Para llevar a cabo este proyecto —para el que sus creadores han estado trabajando a lo largo de dos décadas y media, que se dice rápido—, los Coen han contado con un reparto de auténtico lujo: Tim Blake Nelson, Clancy Brown, Tim DeZarn, James Franco, Stephen Root, Liam Neeson, Harry Melling, Jiji Hise, Tom Waits, Bill Heck, Brendan Gleeson, Saul Rubinek, Tyne Daly, y podría seguir y seguir. Todos ellos logran dar vida a unos personajes arquetípicos pero geniales, que se mueven en un entorno perfectamente creado, digno de las mejores películas históricas, en las que lo más importante es la ambientación.

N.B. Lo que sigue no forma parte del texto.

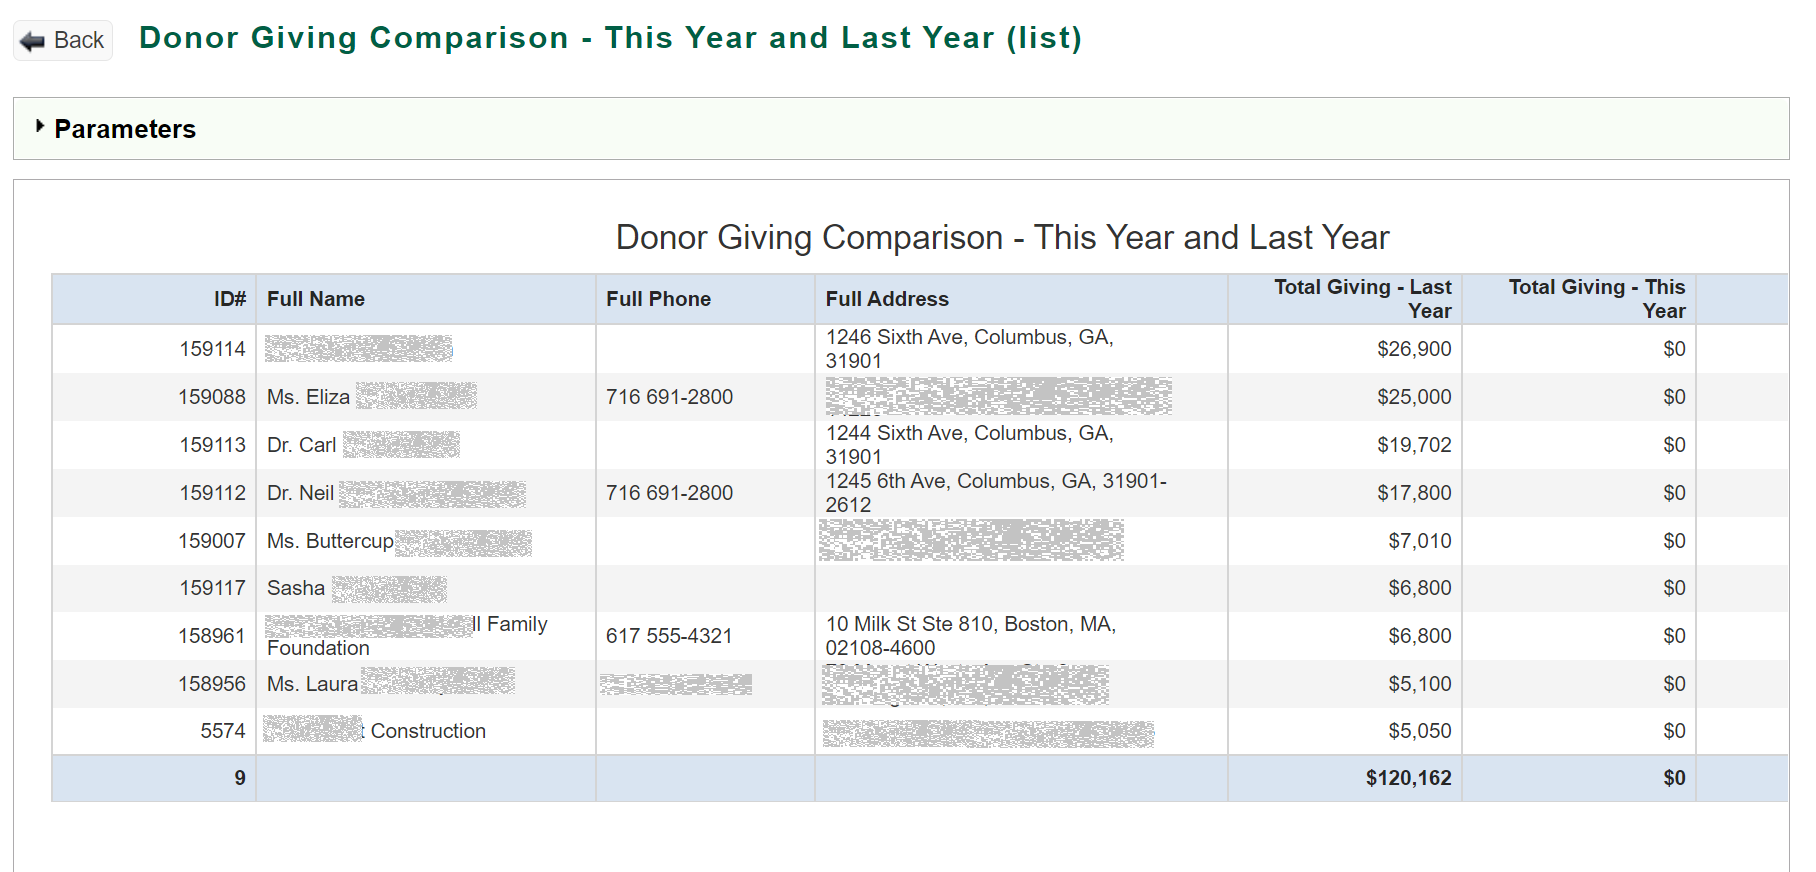 Donor Giving Comparison This Year and Last Year list
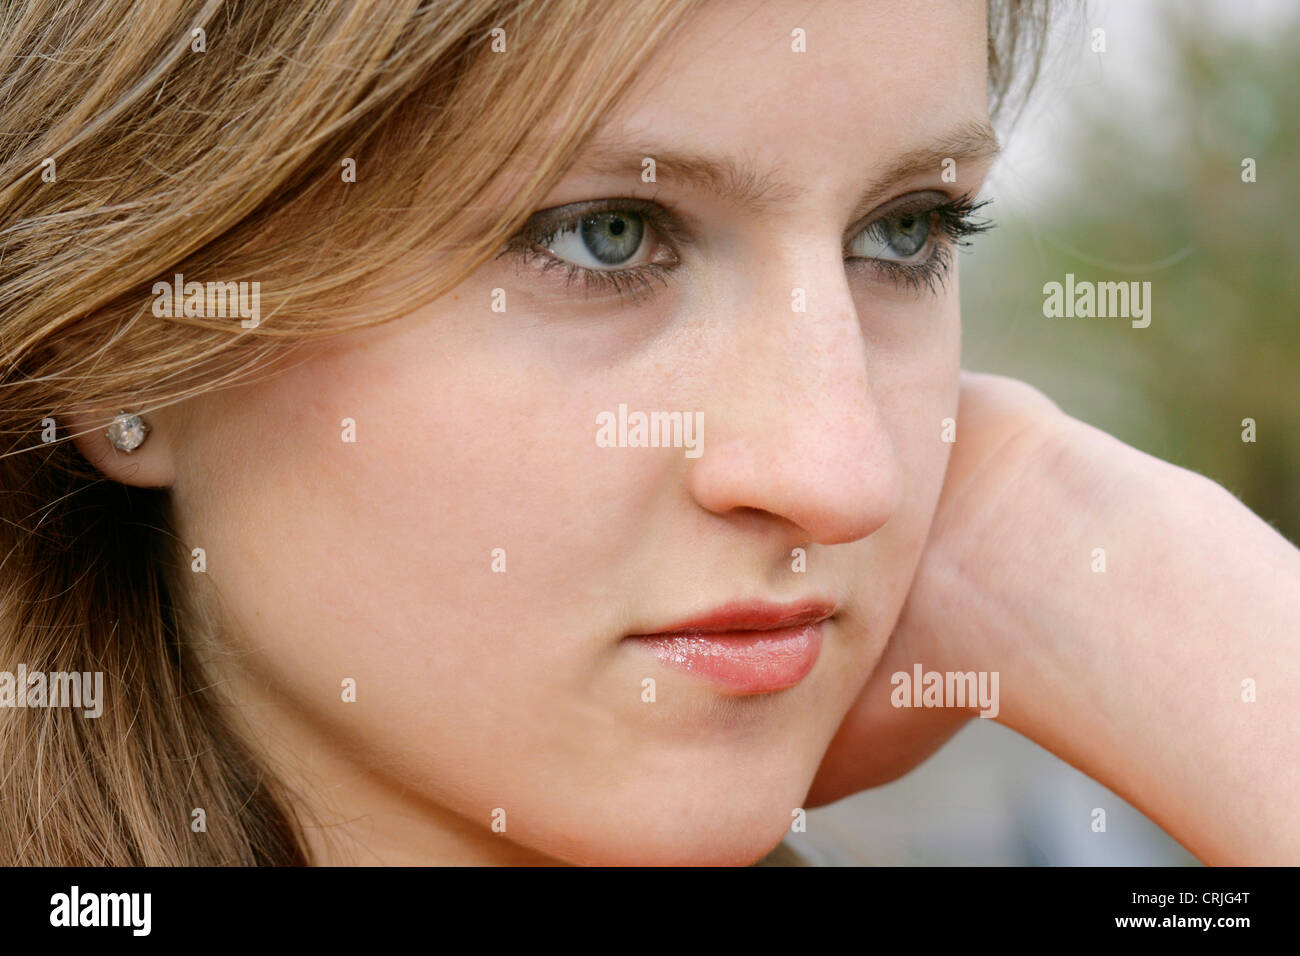 portrait of a thoughtful young woman Stock Photo

La balada de Buster Scruggs destaca por cualquier elemento que la forme: el guión, los actores, la realización, pero si por algo creo que se merece una mención especial es por la fotografía. Y es que a medida que avanza, descubrimos que la luz es un personaje más, que juega con los otros según sea necesario para la historia. Hay historias en los que apenas hay sombras, otras que son filmadas durante «la hora mágica», y otras en las que se ha buscado ese tono tan peculiar de los spaghetti western. No es para menos que se pueda decir que es una película que brille con luz propia… Lo sé, lo sé, el comentario era forzado y cogido con pinzas.
Una de las pocas pegas que se le puede hallar a esta película es que empieza muy fuerte y a medida que avanza el metraje parece que pierda fuelle. Los segmentos de The Ballad of Buster Scruggs, Near Algodones y All Gold Canyon son brillantes y tienen un tono perfecto, mientras que los otros tres —Meal Ticket, The Gal Who Got Rattled y The Mortal Remains—, aun siendo buenos, es como si se desinflaran a medida va avanzando, algo que se acentúa más teniendo lo bueno al principio y lo no tan bueno al final.
Podría resumiros cada relato para que comprendierais este «bajón» de ritmo en cuanto a la trama, sin embargo, prefiero decir que el argumento no llega a tener importancia, ya que lo que realmente importa es la manera en la que, en apenas unos minutos, se crea un ambiente acorde el mensaje que se quiere enviar. Y es que La balada de Buster Scruggs no es tanto una película del oeste, es una antología de relatos que hacen tributo a un género inmortal del cine, y un producto que vale mucho la pena ver.